All of these functions can happen automatically, once the alert is validated and the incident is escalated to the response team. Then the responder has the images from the compromised device, the forensic tools ready to go, and the case file with all of the enriched information about the attack and potential adversary at their fingertips when they start the response.

But the opportunities to work faster and better don’t end there. If the responder discovers a system file that has been changed on the compromised device, they can then further automate their process. They can search through the security analytics system to see of that file (or something like it) has been downloaded to any other devices, they can run the file through a sandbox to determine its behaviors and then search for those behaviors, and if they get a hit on other potentially compromised devices, they can add those to the response by isolating and imaging the devices — automatically.

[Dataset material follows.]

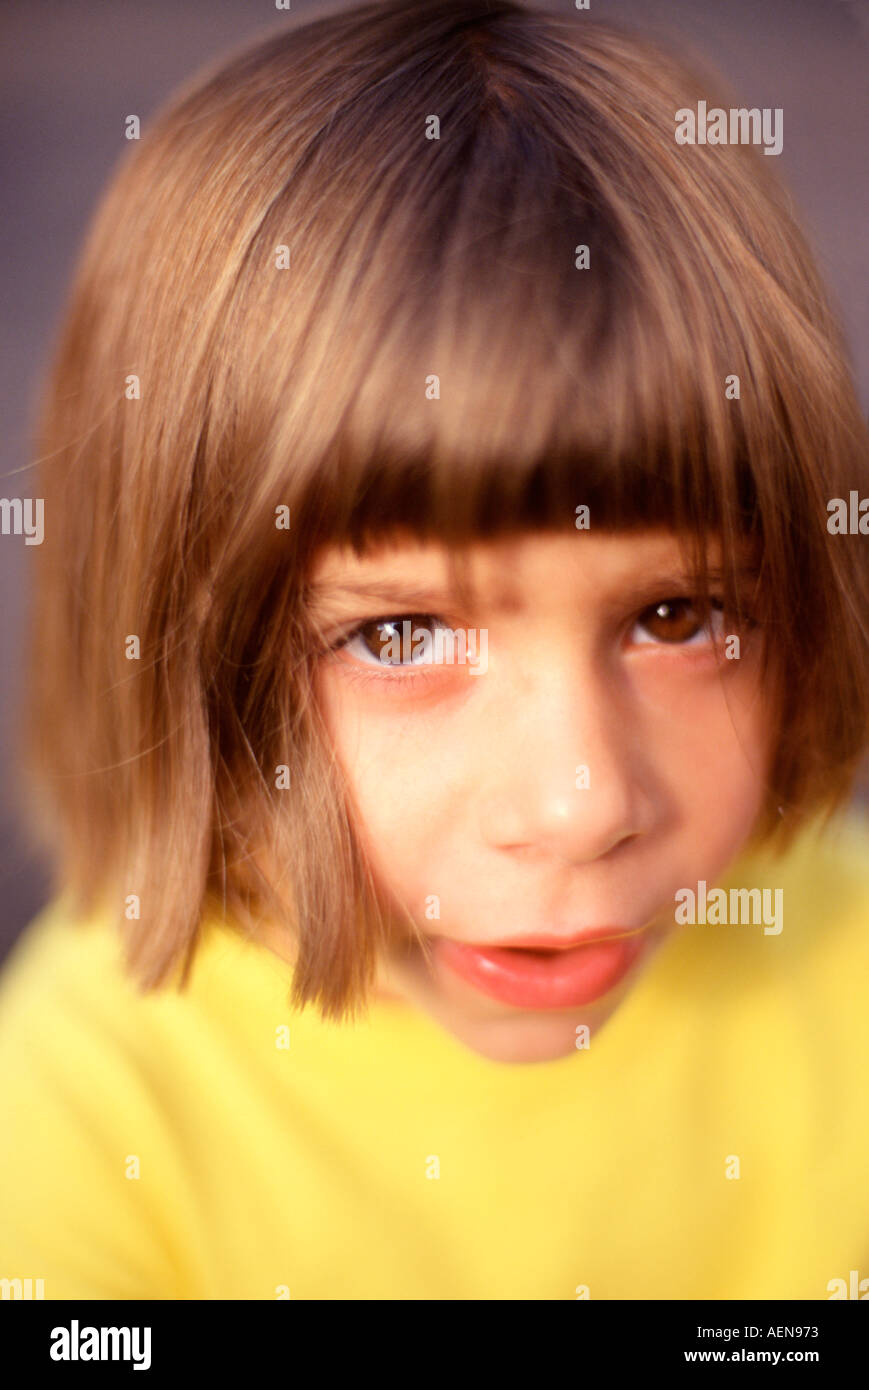 Five year old girl close up Stock Photo

These same constructs apply to pretty much any kind of alert/case that would come across a responder’s desk. The registry activity alert mentioned above would likely focus more on memory forensics, but the same general processes apply.

Ditto for the large USB file transfer indicative of an insider attack. Though in this case, it’s likely more prudent to not necessarily isolate the device because you don’t want the alert the insider they’ve been discovered. So that kind of alert would trigger a different automated run book, likely involving full packet capture of the device, analysis of their file usage over the past 60-90 days, and notifying Human Resources and Legal of the potential malicious insider.

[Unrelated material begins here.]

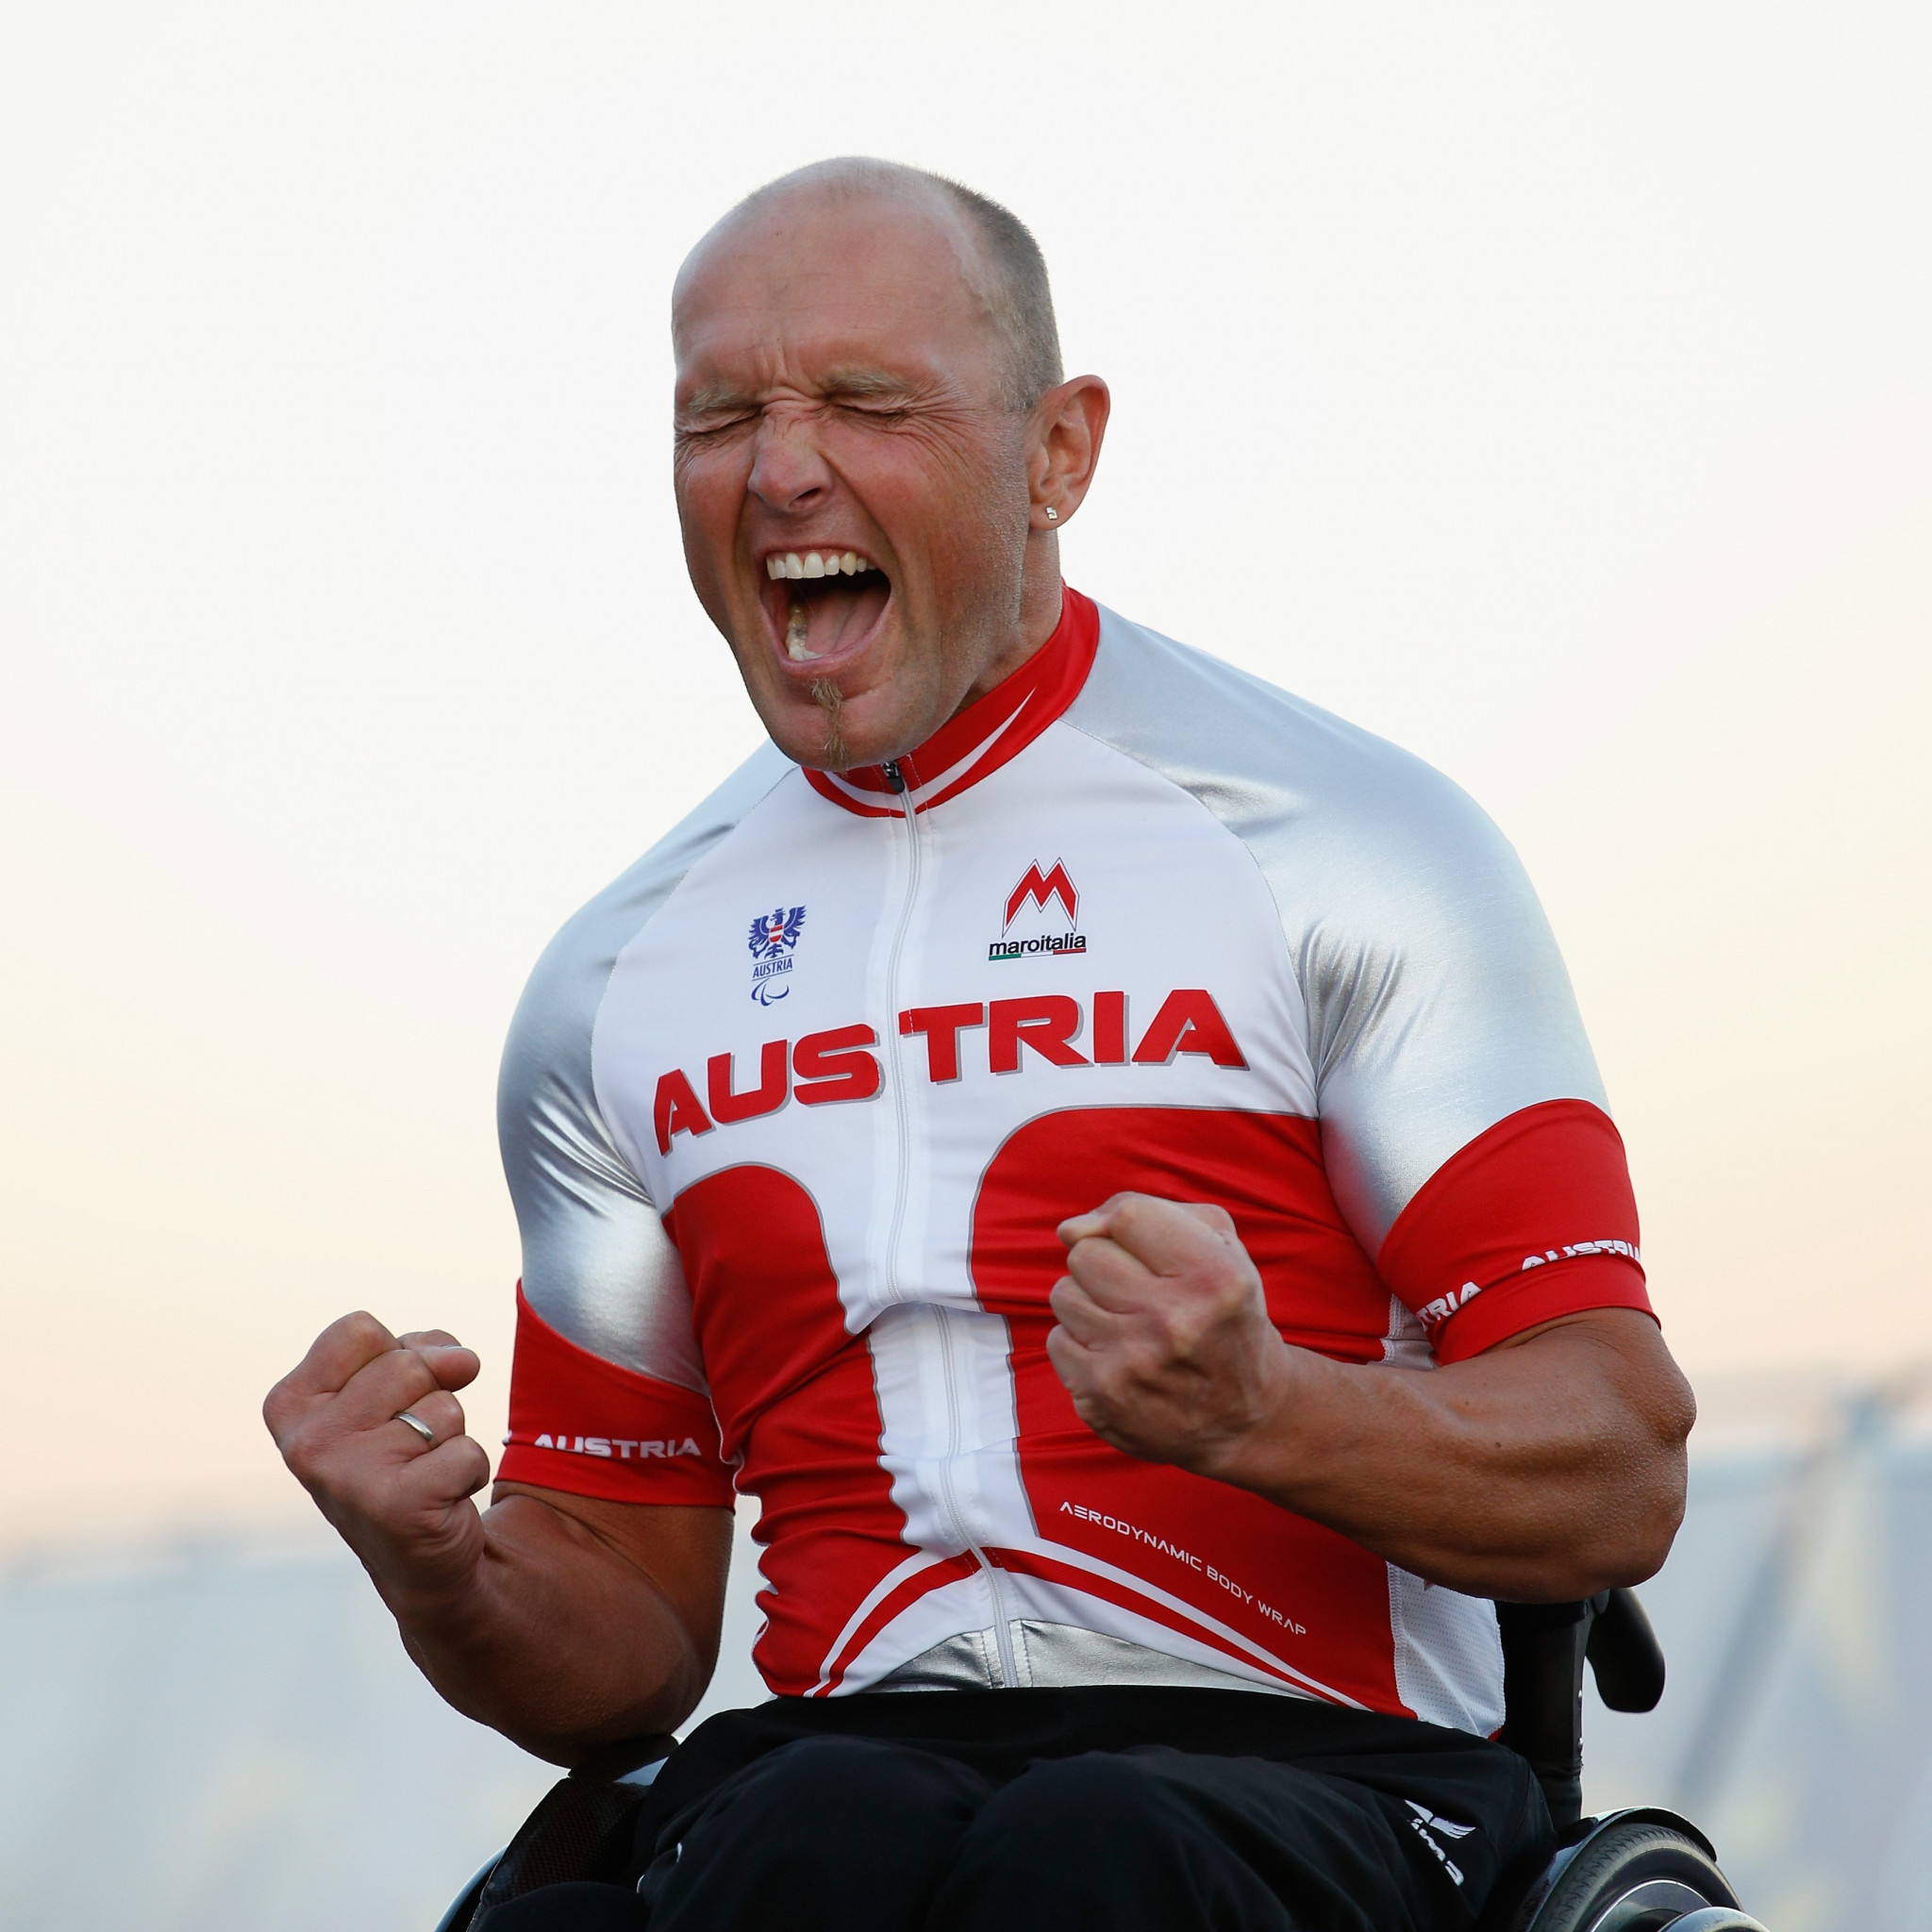 Three-time Paralympic medallist Ablinger yet to make decision on post-Tokyo 2020 plans

What is the common thread running amongst all of these scenarios? The ability to accelerate SecOps by planning out the activities (in the form of run books), and then orchestrating and automating the execution of those run books to the greatest degree possible.

Benefits

These seem to be self-evident, but let’s be masters of the obvious and state them anyway. This potential future of security operations allows you to:

  • React Faster and Better: Your analysts have better information because the alerts they get have the information they would have to spend time gathering. Your responders are more on point because they already have the potentially compromised devices isolated and imaged, and a wealth of threat intel about what the attack could be, who is behind it, and what their likely next move is.
  • Operationalizing process: Your best folks just know what to do, your other folks typically have no idea so they stumble and meander through each incident, with a portion figuring it out and another portion looking for another gig. If you could have your best folks build the run books that define proper processes for the most common situations, you minimize the variance in performance and make everyone a lot more productive.
  • Improve employee retention: Employees that work in an environment where they can be successful and have the right tools to achieve their objectives tend to stay. It’s not about the money for most security folks, it’s about being able to do their job. If you have the right systems in place to keep the humans doing what humans are good at, and your competition (for staff) doesn’t, then it becomes increasingly hard for employees to leave. Some will choose to build a similar environment somewhere else, and that’s great and the way the industry improves. But many realize how hard it is and what a step backwards it would be to have to manually do a lot of what you’ve already automated.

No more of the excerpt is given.